(Stored data entries)
================

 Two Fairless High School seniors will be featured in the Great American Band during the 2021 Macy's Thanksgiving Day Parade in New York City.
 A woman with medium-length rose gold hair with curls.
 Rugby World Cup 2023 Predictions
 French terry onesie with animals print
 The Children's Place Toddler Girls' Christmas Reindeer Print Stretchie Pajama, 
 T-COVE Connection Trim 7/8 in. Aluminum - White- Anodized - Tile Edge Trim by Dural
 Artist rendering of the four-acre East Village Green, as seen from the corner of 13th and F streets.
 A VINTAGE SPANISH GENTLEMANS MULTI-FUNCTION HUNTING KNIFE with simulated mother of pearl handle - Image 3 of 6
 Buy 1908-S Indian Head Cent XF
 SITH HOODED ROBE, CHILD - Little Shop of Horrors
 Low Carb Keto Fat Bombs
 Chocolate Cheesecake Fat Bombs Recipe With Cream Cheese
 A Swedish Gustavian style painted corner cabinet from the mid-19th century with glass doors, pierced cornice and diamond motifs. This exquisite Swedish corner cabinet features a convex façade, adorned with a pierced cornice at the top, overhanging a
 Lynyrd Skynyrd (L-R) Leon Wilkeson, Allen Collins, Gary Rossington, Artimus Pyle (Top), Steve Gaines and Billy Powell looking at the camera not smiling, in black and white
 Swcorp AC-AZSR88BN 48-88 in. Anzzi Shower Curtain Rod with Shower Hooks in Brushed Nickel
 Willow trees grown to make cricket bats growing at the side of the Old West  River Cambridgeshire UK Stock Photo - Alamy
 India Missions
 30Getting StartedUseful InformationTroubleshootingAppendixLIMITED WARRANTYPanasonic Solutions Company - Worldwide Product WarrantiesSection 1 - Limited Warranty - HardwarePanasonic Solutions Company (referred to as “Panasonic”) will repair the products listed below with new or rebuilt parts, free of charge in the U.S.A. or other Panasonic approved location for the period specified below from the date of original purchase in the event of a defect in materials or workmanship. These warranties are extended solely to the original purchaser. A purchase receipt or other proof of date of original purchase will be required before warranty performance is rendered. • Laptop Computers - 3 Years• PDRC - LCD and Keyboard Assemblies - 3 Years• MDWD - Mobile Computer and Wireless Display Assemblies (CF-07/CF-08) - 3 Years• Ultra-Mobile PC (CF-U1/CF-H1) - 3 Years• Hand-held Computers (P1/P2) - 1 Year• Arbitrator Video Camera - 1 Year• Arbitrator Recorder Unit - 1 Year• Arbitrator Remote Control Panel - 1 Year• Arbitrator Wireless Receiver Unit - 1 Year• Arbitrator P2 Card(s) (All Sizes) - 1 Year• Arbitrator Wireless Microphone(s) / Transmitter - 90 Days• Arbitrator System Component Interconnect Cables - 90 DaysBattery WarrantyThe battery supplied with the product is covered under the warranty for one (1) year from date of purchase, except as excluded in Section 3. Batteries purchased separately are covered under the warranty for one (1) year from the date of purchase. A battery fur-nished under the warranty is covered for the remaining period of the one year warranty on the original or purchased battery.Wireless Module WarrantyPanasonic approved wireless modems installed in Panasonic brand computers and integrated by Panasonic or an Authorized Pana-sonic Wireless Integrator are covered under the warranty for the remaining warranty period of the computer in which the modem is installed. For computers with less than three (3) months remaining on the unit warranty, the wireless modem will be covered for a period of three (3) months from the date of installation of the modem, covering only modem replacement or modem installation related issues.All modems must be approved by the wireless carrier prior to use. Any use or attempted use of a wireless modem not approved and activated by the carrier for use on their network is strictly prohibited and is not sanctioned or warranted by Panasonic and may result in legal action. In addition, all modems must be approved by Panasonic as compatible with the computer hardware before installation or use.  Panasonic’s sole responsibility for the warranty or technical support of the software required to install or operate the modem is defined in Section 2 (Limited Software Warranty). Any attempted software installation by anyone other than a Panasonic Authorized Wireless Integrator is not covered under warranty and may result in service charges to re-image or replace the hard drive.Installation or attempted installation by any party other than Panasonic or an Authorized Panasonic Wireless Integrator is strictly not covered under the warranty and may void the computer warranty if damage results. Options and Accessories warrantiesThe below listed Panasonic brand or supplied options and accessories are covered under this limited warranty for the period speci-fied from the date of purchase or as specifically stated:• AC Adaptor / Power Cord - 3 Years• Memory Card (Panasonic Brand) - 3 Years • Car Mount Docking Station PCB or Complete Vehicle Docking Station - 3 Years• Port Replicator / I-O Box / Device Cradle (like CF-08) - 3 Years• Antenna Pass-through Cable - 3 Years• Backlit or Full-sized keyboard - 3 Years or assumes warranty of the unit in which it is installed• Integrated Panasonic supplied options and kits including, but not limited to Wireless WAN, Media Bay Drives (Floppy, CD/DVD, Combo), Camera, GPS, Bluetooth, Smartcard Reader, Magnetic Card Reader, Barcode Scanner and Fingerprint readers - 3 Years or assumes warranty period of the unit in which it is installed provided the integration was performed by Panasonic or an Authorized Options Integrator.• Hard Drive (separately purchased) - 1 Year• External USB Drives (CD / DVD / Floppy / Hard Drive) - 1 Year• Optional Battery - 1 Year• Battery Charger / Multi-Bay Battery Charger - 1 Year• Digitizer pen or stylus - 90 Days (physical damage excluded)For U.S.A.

================

__YOUR GOAL__. Your answer must consist of every line above, reproduced exactly.

__RESULT__.
 Two Fairless High School seniors will be featured in the Great American Band during the 2021 Macy's Thanksgiving Day Parade in New York City.
 A woman with medium-length rose gold hair with curls.
 Rugby World Cup 2023 Predictions
 French terry onesie with animals print
 The Children's Place Toddler Girls' Christmas Reindeer Print Stretchie Pajama, 
 T-COVE Connection Trim 7/8 in. Aluminum - White- Anodized - Tile Edge Trim by Dural
 Artist rendering of the four-acre East Village Green, as seen from the corner of 13th and F streets.
 A VINTAGE SPANISH GENTLEMANS MULTI-FUNCTION HUNTING KNIFE with simulated mother of pearl handle - Image 3 of 6
 Buy 1908-S Indian Head Cent XF
 SITH HOODED ROBE, CHILD - Little Shop of Horrors
 Low Carb Keto Fat Bombs
 Chocolate Cheesecake Fat Bombs Recipe With Cream Cheese
 A Swedish Gustavian style painted corner cabinet from the mid-19th century with glass doors, pierced cornice and diamond motifs. This exquisite Swedish corner cabinet features a convex façade, adorned with a pierced cornice at the top, overhanging a
 Lynyrd Skynyrd (L-R) Leon Wilkeson, Allen Collins, Gary Rossington, Artimus Pyle (Top), Steve Gaines and Billy Powell looking at the camera not smiling, in black and white
 Swcorp AC-AZSR88BN 48-88 in. Anzzi Shower Curtain Rod with Shower Hooks in Brushed Nickel
 Willow trees grown to make cricket bats growing at the side of the Old West  River Cambridgeshire UK Stock Photo - Alamy
 India Missions
 30Getting StartedUseful InformationTroubleshootingAppendixLIMITED WARRANTYPanasonic Solutions Company - Worldwide Product WarrantiesSection 1 - Limited Warranty - HardwarePanasonic Solutions Company (referred to as “Panasonic”) will repair the products listed below with new or rebuilt parts, free of charge in the U.S.A. or other Panasonic approved location for the period specified below from the date of original purchase in the event of a defect in materials or workmanship. These warranties are extended solely to the original purchaser. A purchase receipt or other proof of date of original purchase will be required before warranty performance is rendered. • Laptop Computers - 3 Years• PDRC - LCD and Keyboard Assemblies - 3 Years• MDWD - Mobile Computer and Wireless Display Assemblies (CF-07/CF-08) - 3 Years• Ultra-Mobile PC (CF-U1/CF-H1) - 3 Years• Hand-held Computers (P1/P2) - 1 Year• Arbitrator Video Camera - 1 Year• Arbitrator Recorder Unit - 1 Year• Arbitrator Remote Control Panel - 1 Year• Arbitrator Wireless Receiver Unit - 1 Year• Arbitrator P2 Card(s) (All Sizes) - 1 Year• Arbitrator Wireless Microphone(s) / Transmitter - 90 Days• Arbitrator System Component Interconnect Cables - 90 DaysBattery WarrantyThe battery supplied with the product is covered under the warranty for one (1) year from date of purchase, except as excluded in Section 3. Batteries purchased separately are covered under the warranty for one (1) year from the date of purchase. A battery fur-nished under the warranty is covered for the remaining period of the one year warranty on the original or purchased battery.Wireless Module WarrantyPanasonic approved wireless modems installed in Panasonic brand computers and integrated by Panasonic or an Authorized Pana-sonic Wireless Integrator are covered under the warranty for the remaining warranty period of the computer in which the modem is installed. For computers with less than three (3) months remaining on the unit warranty, the wireless modem will be covered for a period of three (3) months from the date of installation of the modem, covering only modem replacement or modem installation related issues.All modems must be approved by the wireless carrier prior to use. Any use or attempted use of a wireless modem not approved and activated by the carrier for use on their network is strictly prohibited and is not sanctioned or warranted by Panasonic and may result in legal action. In addition, all modems must be approved by Panasonic as compatible with the computer hardware before installation or use.  Panasonic’s sole responsibility for the warranty or technical support of the software required to install or operate the modem is defined in Section 2 (Limited Software Warranty). Any attempted software installation by anyone other than a Panasonic Authorized Wireless Integrator is not covered under warranty and may result in service charges to re-image or replace the hard drive.Installation or attempted installation by any party other than Panasonic or an Authorized Panasonic Wireless Integrator is strictly not covered under the warranty and may void the computer warranty if damage results. Options and Accessories warrantiesThe below listed Panasonic brand or supplied options and accessories are covered under this limited warranty for the period speci-fied from the date of purchase or as specifically stated:• AC Adaptor / Power Cord - 3 Years• Memory Card (Panasonic Brand) - 3 Years • Car Mount Docking Station PCB or Complete Vehicle Docking Station - 3 Years• Port Replicator / I-O Box / Device Cradle (like CF-08) - 3 Years• Antenna Pass-through Cable - 3 Years• Backlit or Full-sized keyboard - 3 Years or assumes warranty of the unit in which it is installed• Integrated Panasonic supplied options and kits including, but not limited to Wireless WAN, Media Bay Drives (Floppy, CD/DVD, Combo), Camera, GPS, Bluetooth, Smartcard Reader, Magnetic Card Reader, Barcode Scanner and Fingerprint readers - 3 Years or assumes warranty period of the unit in which it is installed provided the integration was performed by Panasonic or an Authorized Options Integrator.• Hard Drive (separately purchased) - 1 Year• External USB Drives (CD / DVD / Floppy / Hard Drive) - 1 Year• Optional Battery - 1 Year• Battery Charger / Multi-Bay Battery Charger - 1 Year• Digitizer pen or stylus - 90 Days (physical damage excluded)For U.S.A.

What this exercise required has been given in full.